Sadiq Khan: ‘If you’re the only one fasting at Ramadan, you do stand out’
Sadiq Khan was appointed to the Privy Council and first asked to attend cabinet meetings in June 2009, Labour’s MP for Tooting became the first Asian and first Muslim to do so. He is quoted as saying the following on the lack of diversity in government “You can get obsessed by it and people do. Just by virtue of the fact that mass immigration only happened 30/40 years ago, there are going to be lots of first-ofs” – but the lack of diversity, not just ethnically, but “the shortage of women and of people from different backgrounds” makes it hard not to feel some sense of isolation. “When you first get to No 10 and everyone else around the cabinet table is white … If during Ramadan I’m fasting, people get it, but when you’re the only one, you do sort of stand out.”

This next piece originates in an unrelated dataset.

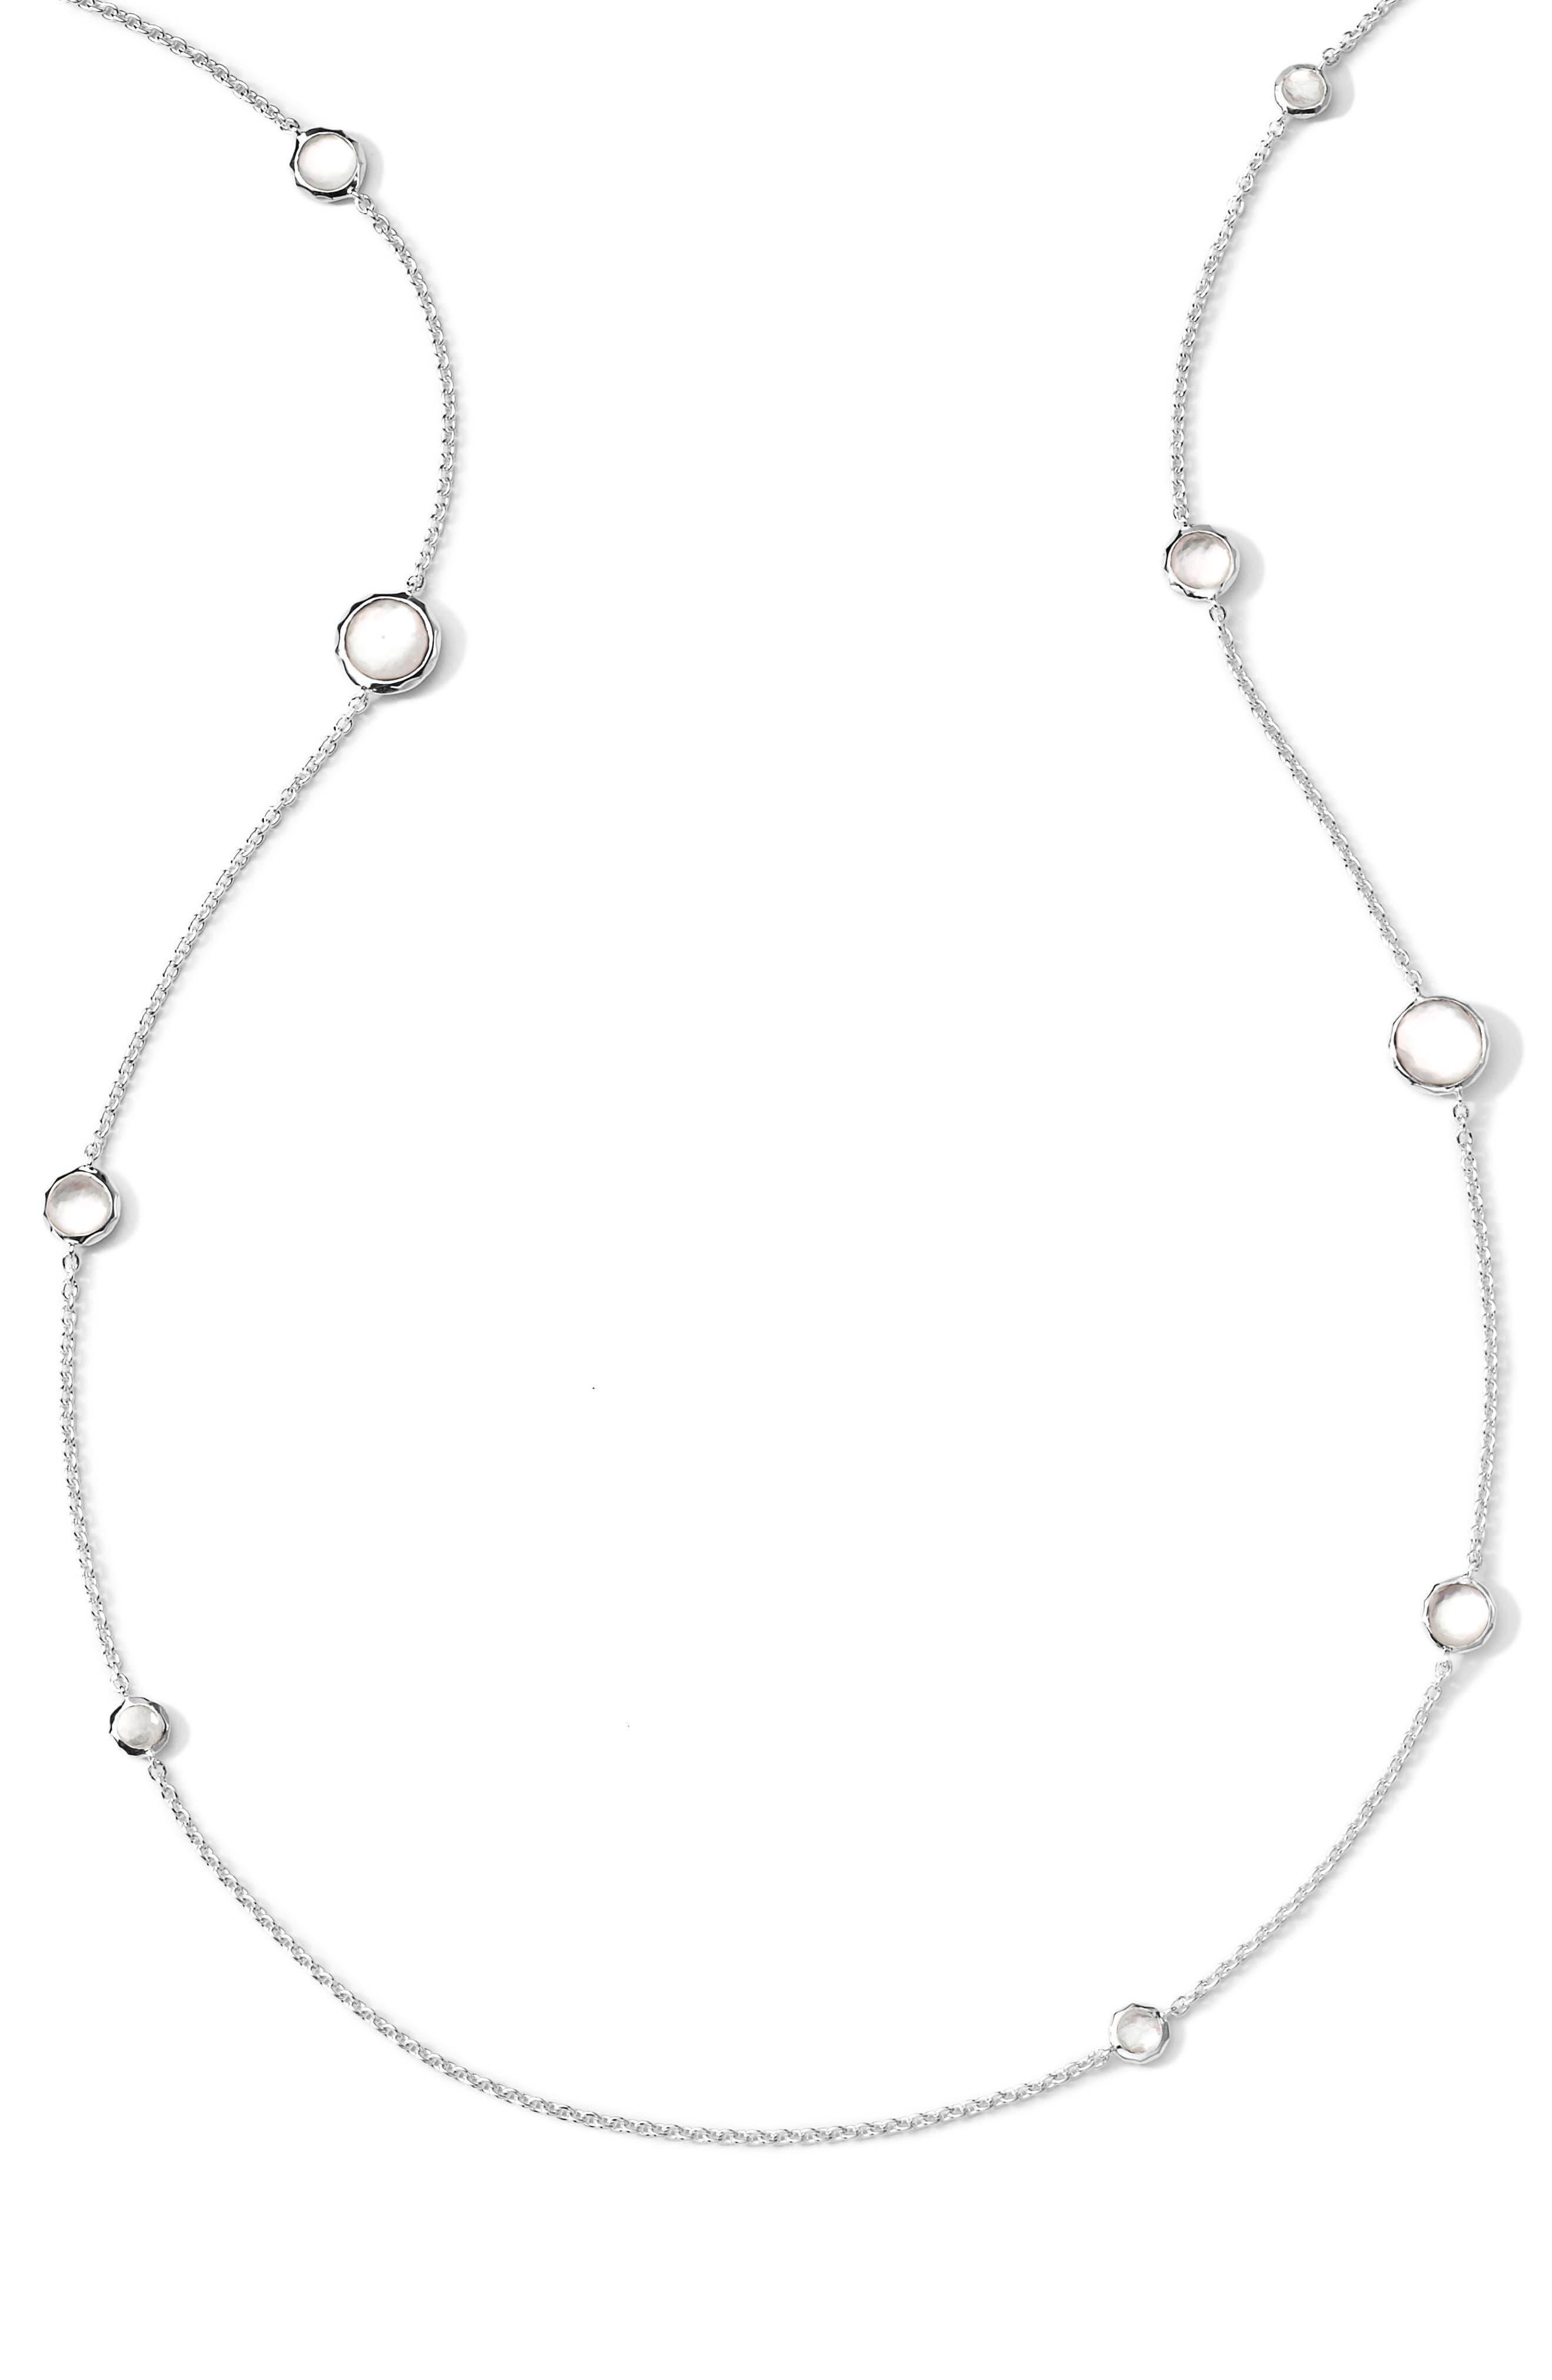 'Rock Candy - Lollipop' Long Necklace,                             Main thumbnail 1, color,                             040
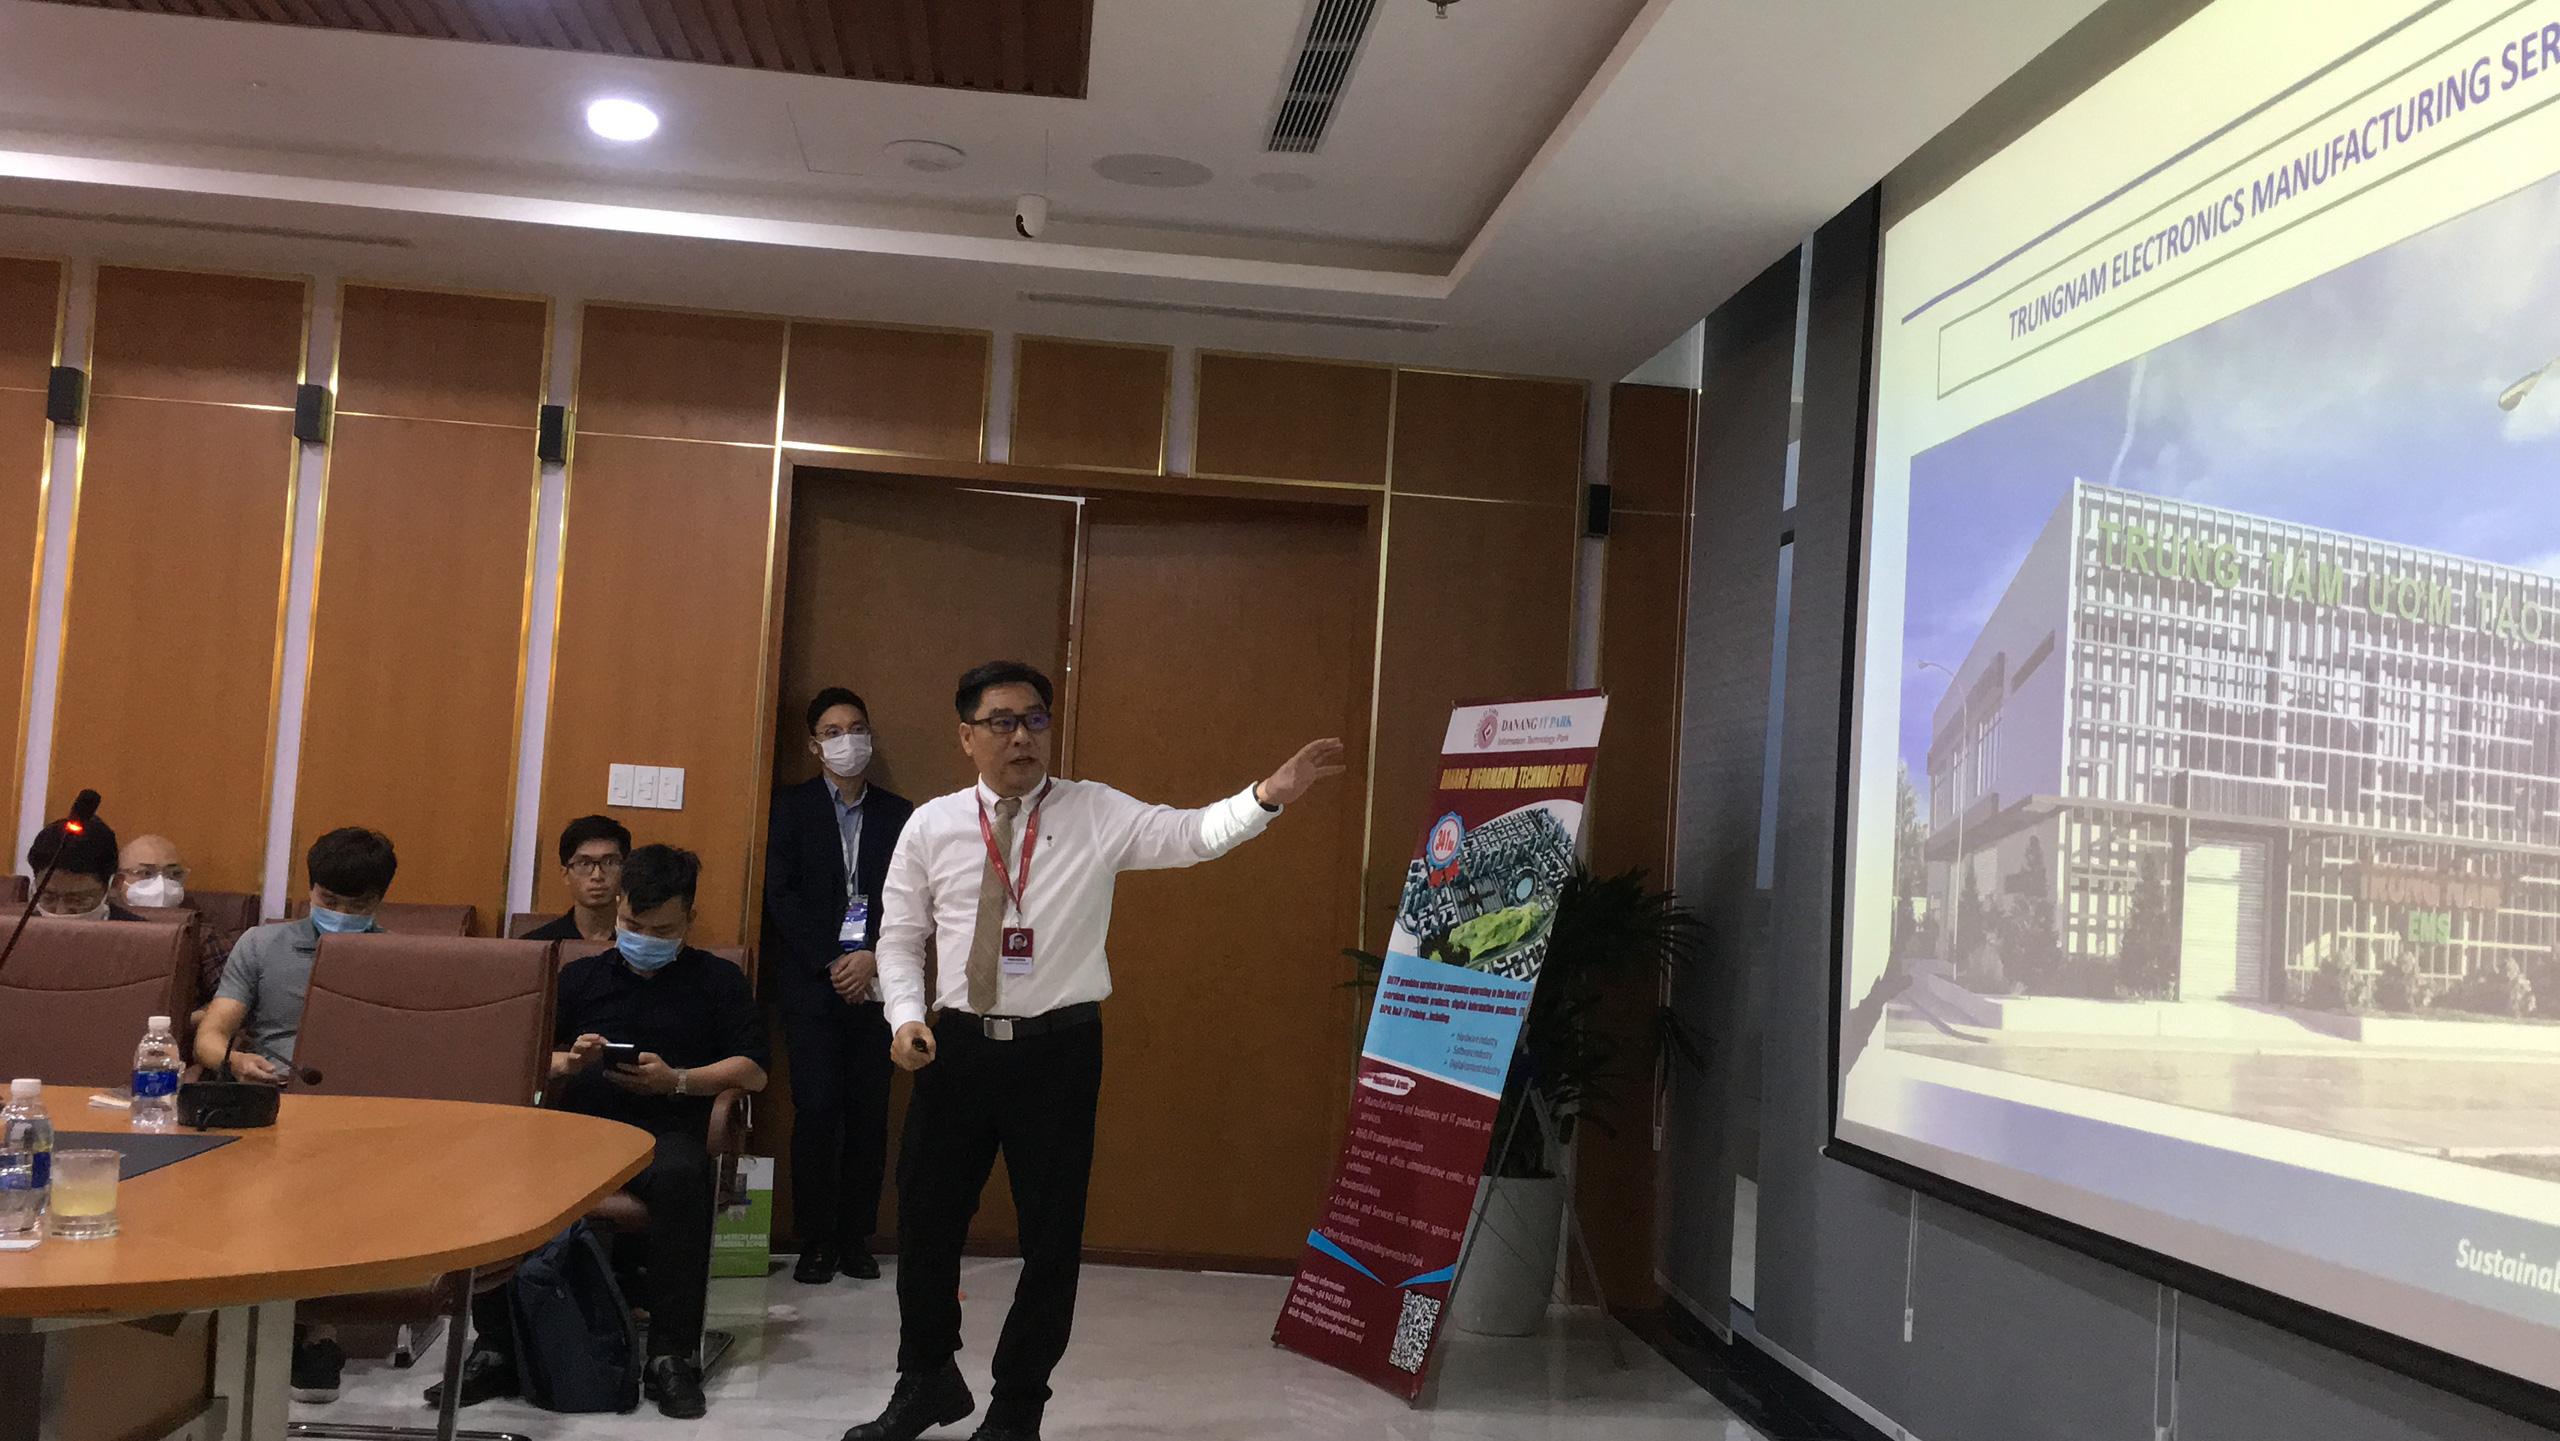 Gần 30 doanh nghiệp Hàn Quốc tìm kiếm cơ hội đầu tư tại 'thung lũng Silicon Đà Nẵng' - Ảnh 5.

The report continues and states that balancing his faith and his role as an MP, has not always been easy. Last month, he was the subject of a fatwa calling for his death after he voted in favour of same-sex marriage. In response Khan stated that “What all minorities need to recognise is today in a pluralistic society it’s not just a question of tolerating others, you’ve got to respect others. I challenge anybody to find another country in the world which is more progressive or has laws that protect minorities more than this country. I speak to my cousins in Pakistan or India and they make the point that because [my family] aren’t well off and don’t have contacts in those countries, notwithstanding the fact that there is a Muslim majority in Pakistan, they couldn’t dream of being in the cabinet or doing the stuff that I’ve done here, and I’m a minority in the UK both religiously and ethnically and in all sorts of ways.”